= Paul Drury =

British artist and printmaker (1903–1987)

Paul Drury (14 October 1903 – 19 May 1987) was an artist and printmaker born Albert Paul Dalou Drury, the son of sculptor Alfred Drury.

==Early life==
Drury was born in Brockley, south London in 1903. He was educated at Bristol Grammar and Westminster School. In 1921 he entered Goldsmiths School of Art in New Cross, London.

==Career as artist==
Drury was influenced by the work of Samuel Palmer, a 19th-century pastoralist, and this is seen in his early etchings in 1922. After study, Drury taught at the leading British Art Schools of the time including the Central School of Art, Heatherley School of Fine Art, and latterly at the school from where he graduated, Goldsmiths.

In 1944 he was commissioned, with other leading artists of the day, to produce a series of prints for Cowan's, a leading artist's printmaker.

After World War II, Drury returned to Goldsmiths and became part of the mid 20th century Goldsmiths School. Drury eventually became Principal of Goldsmiths in 1966 for three years.

Drury produced 92 etchings, almost half of which were portraits and a quarter of which were landscapes. Although the majority of his work was portraiture, he is known for his landscapes including September and Nicols Farm.

He exhibited regularly at the Royal Academy in London, and, amongst others, via the British Council at the Museum of Fine Arts, Boston; the National Gallery of Canada; the National Gallery of New Zealand and in the British Pavilion of the 1939 World's fair in New York.

His work is held at the National Portrait Gallery, London, the Museum of Fine Arts, Boston; the National Gallery of Canada and elsewhere.

Drury was President of the Royal Society of Painter Printmakers for five years from 1970 to 1975.

==Personal life==

At 10 years old, Drury lost the sight in one eye, due to an air-gun pellet, whilst playing with his brother.

He married the painter Enid Solomon in 1937; two years later at the outbreak of war, Drury could not serve due to his damaged sight. Instead of becoming a war artist, he worked at Queen Mary's Hospital, in Roehampton in the plaster workshop.

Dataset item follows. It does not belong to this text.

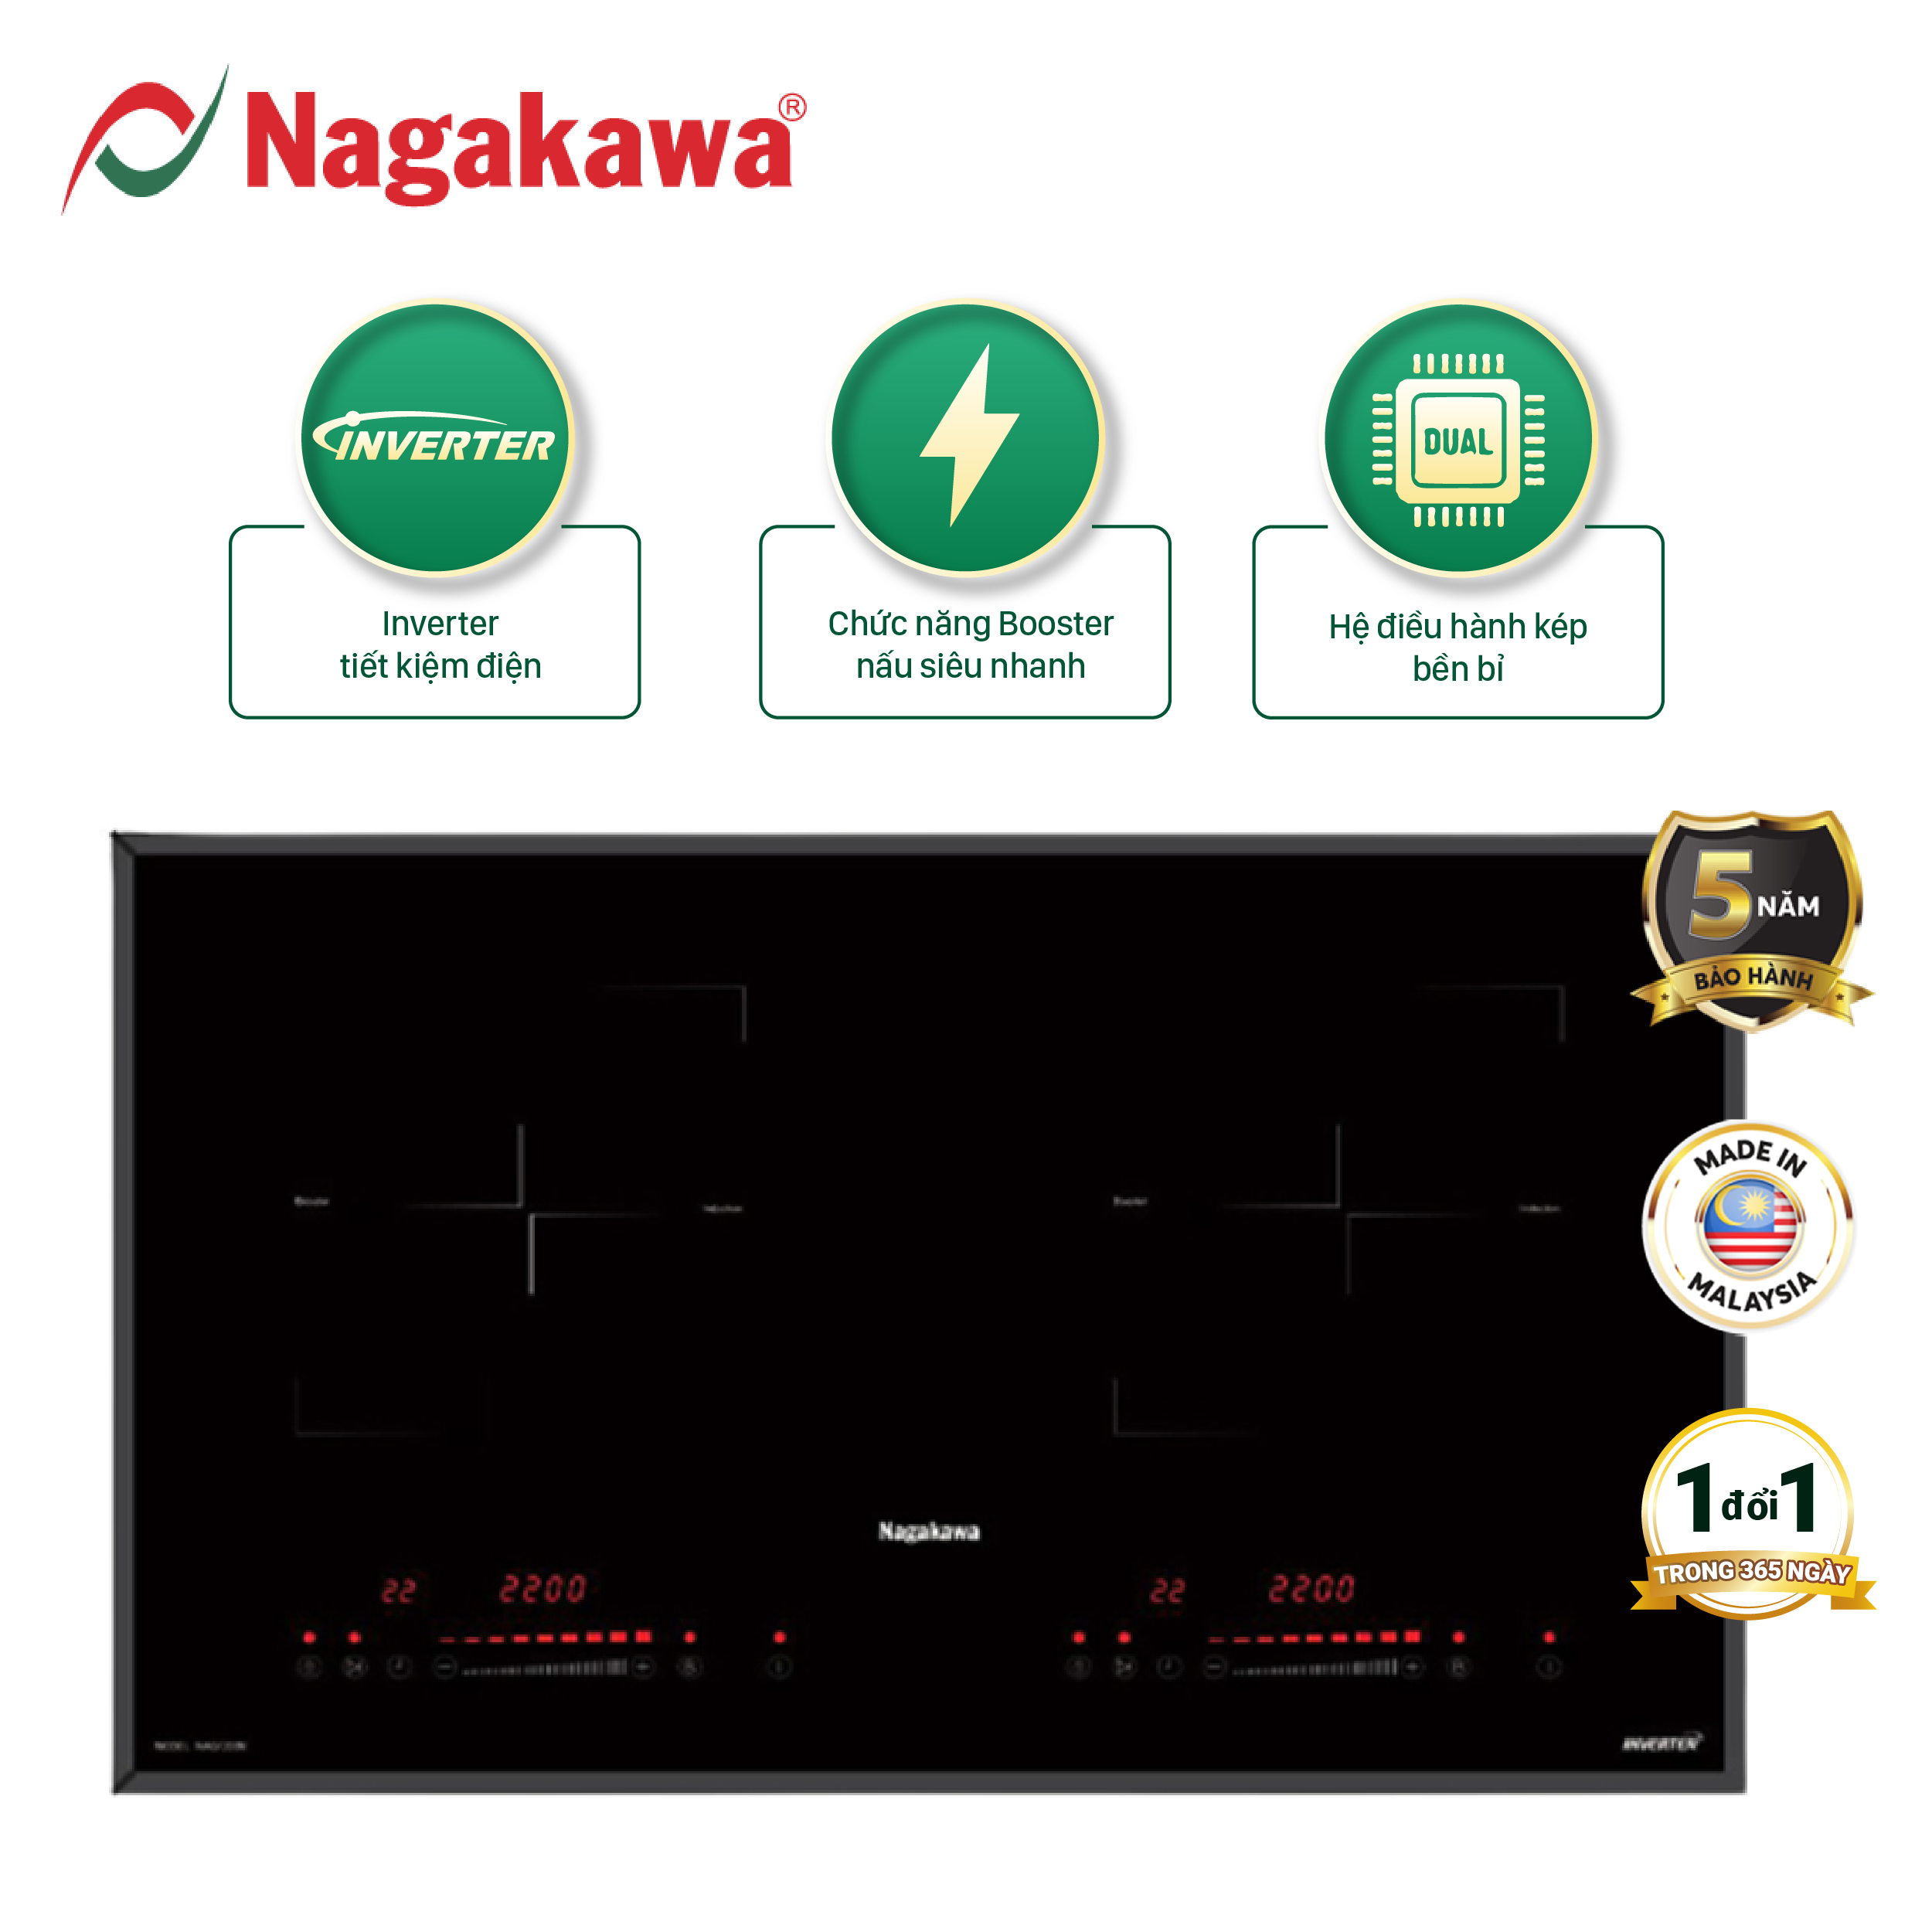 Miễn phí giao lắp toàn quốc - Bếp Âm Từ Đôi Premium Nagakawa NAG1202M (73 cm) - Made in Malaysia - Bảo hành 5 năm - Hàng Chính Hãng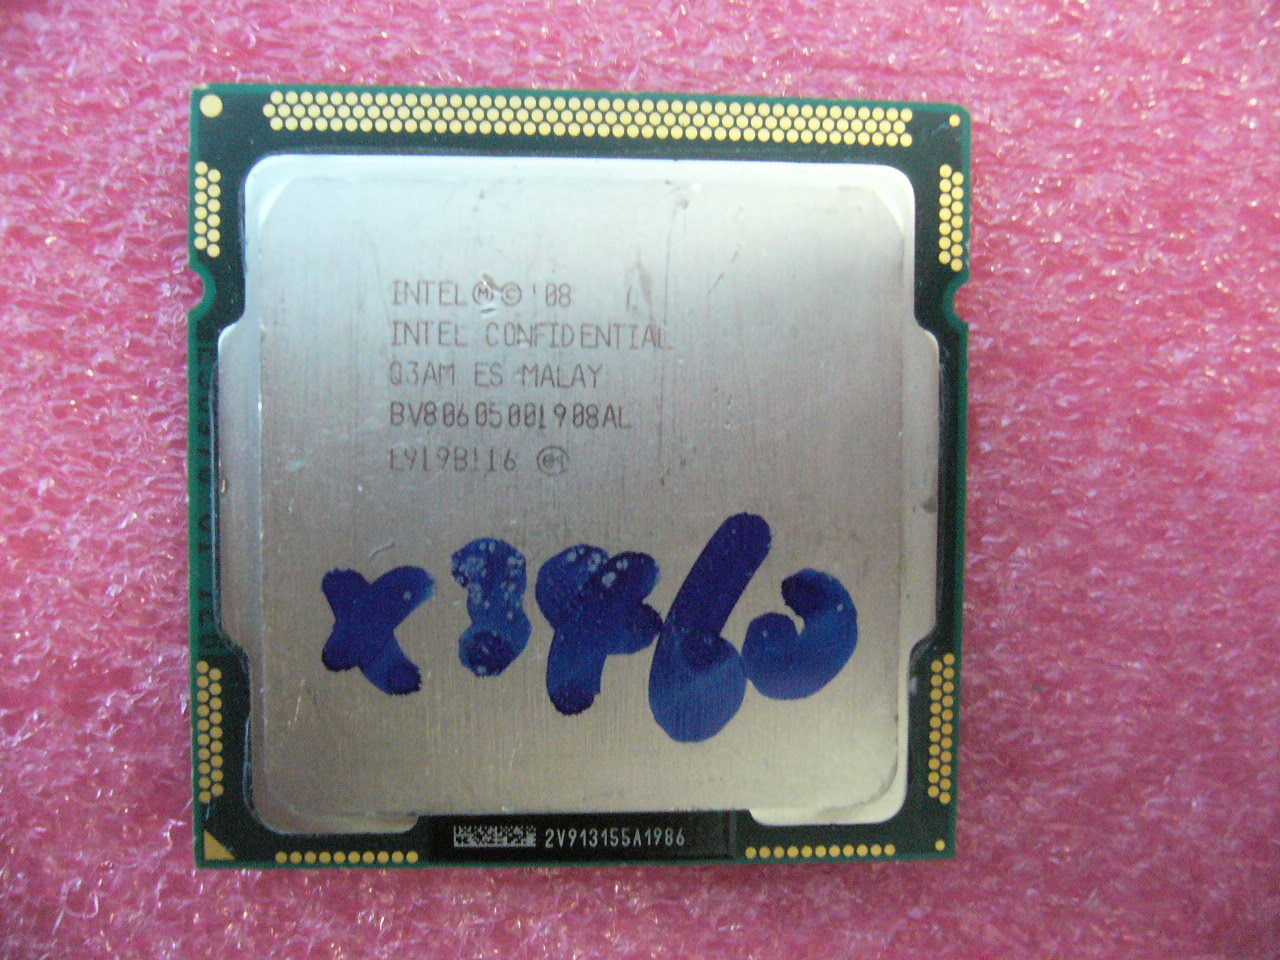 QTY 1x INTEL Xeon ES CPU X3460 2.80GHZ/8MB LGA1156 Q3AM BV80605001908AL - zum Schließen ins Bild klicken

Paul Drury died on 19 May 1987. The Daily Telegraph obituary praised him as ‘One of the most distinguished etchers and draughtsmen in that remarkably gifted generation of printmakers who grew up between the two World Wars. [His landscapes] contain a deep poetic quality which was to exert a powerful influence on the succeeding generation of neo-Romantic artists.’